[Dataset excerpt]

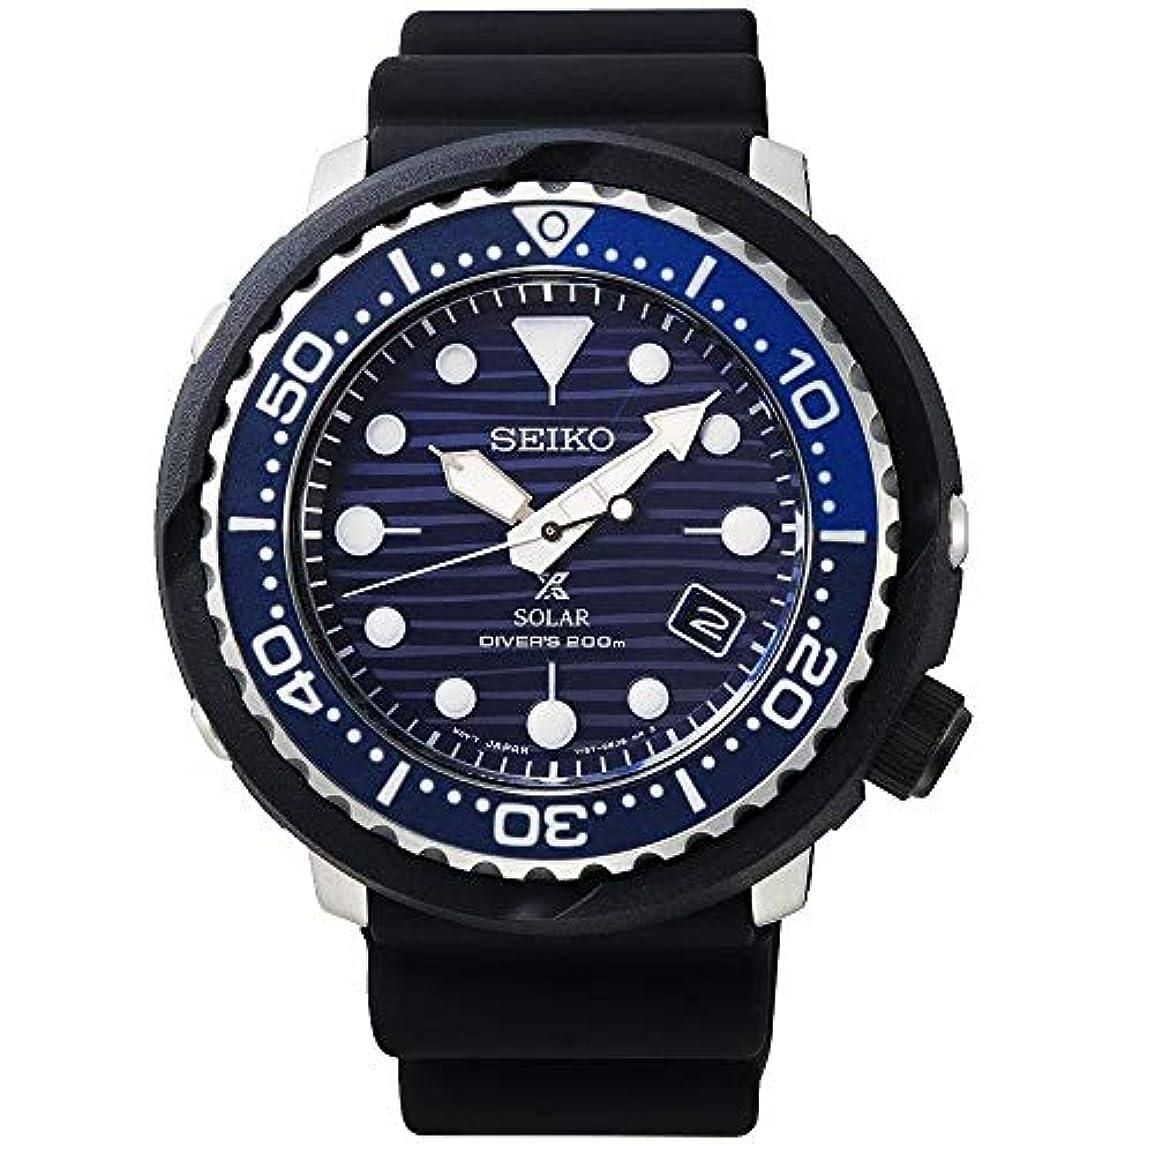 液体二週間フットボール【セット商品】セイコー SEIKO プロスペックス PROSPEX ソーラー 200Mダイバーズ 腕時計 SNE518P1 &マイクロファイバークロス 13×13cm付き [逆輸入品]
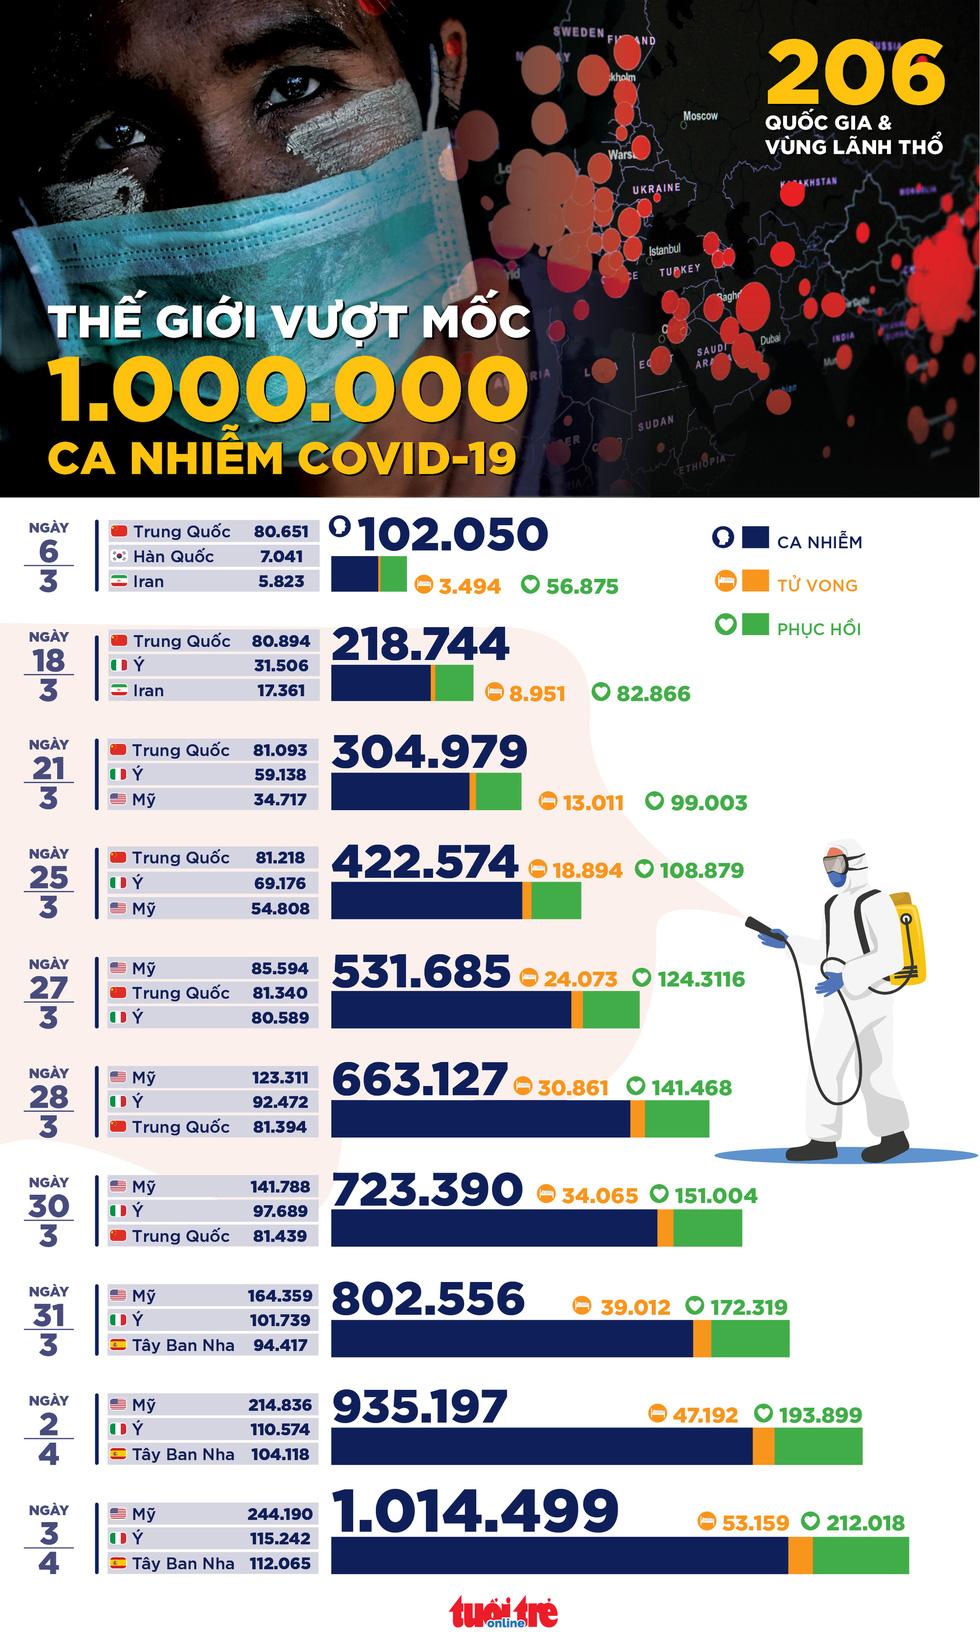 1 triệu ca mắc COVID-19 và những cột mốc bị phá vỡ - Ảnh 1.
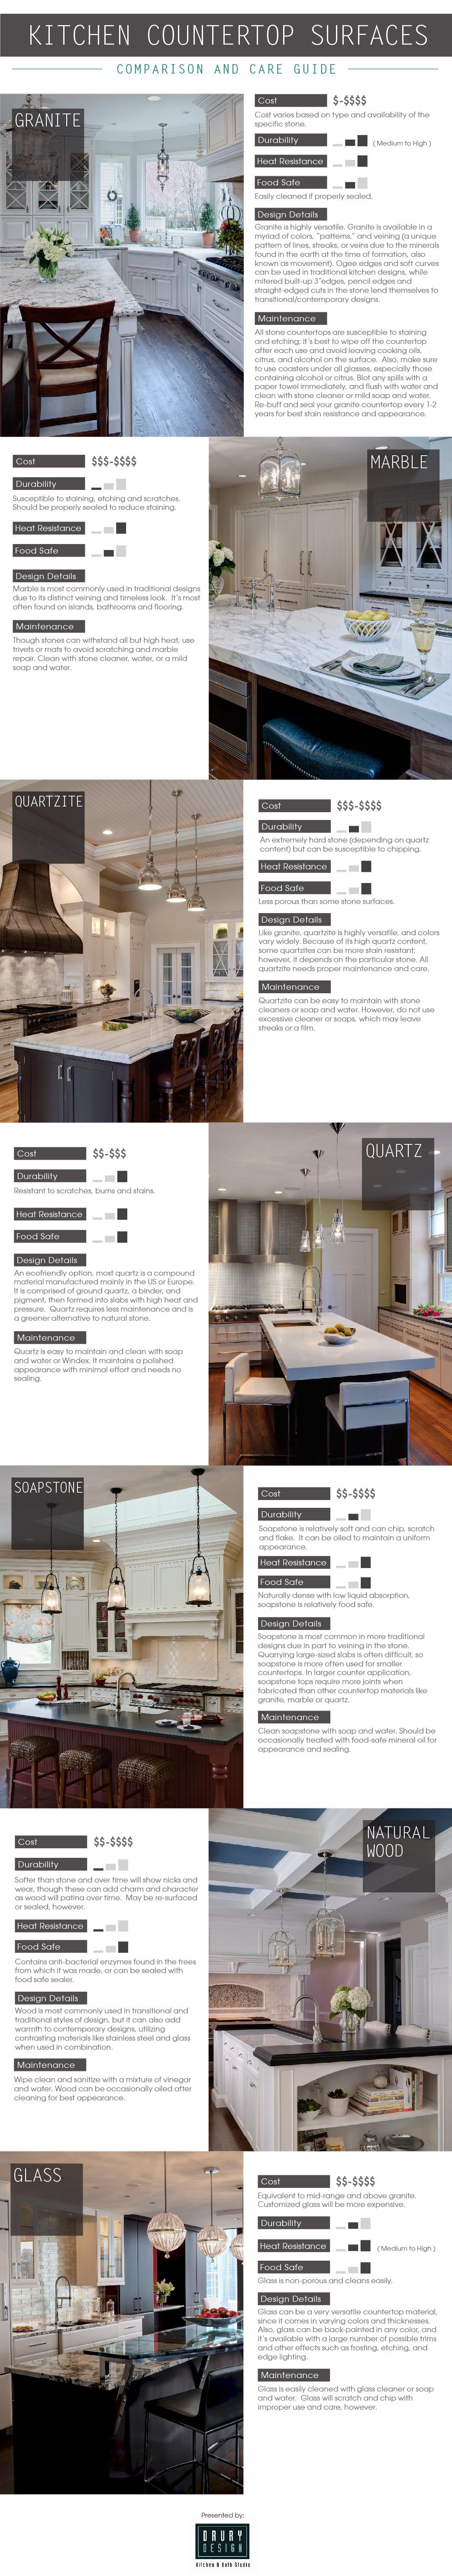 Countertop Comparison Guide : Kitchen Countertop Surfaces Comparison and Care Guide

[/Dataset excerpt]

Aim of the exercise
Since the pictures are not wanted, transcribe the rest of the listing above exactly.

Written response
 液体二週間フットボール【セット商品】セイコー SEIKO プロスペックス PROSPEX ソーラー 200Mダイバーズ 腕時計 SNE518P1 &マイクロファイバークロス 13×13cm付き [逆輸入品]
 1 triệu ca mắc COVID-19 và những cột mốc bị phá vỡ - Ảnh 1.
 Countertop Comparison Guide : Kitchen Countertop Surfaces Comparison and Care Guide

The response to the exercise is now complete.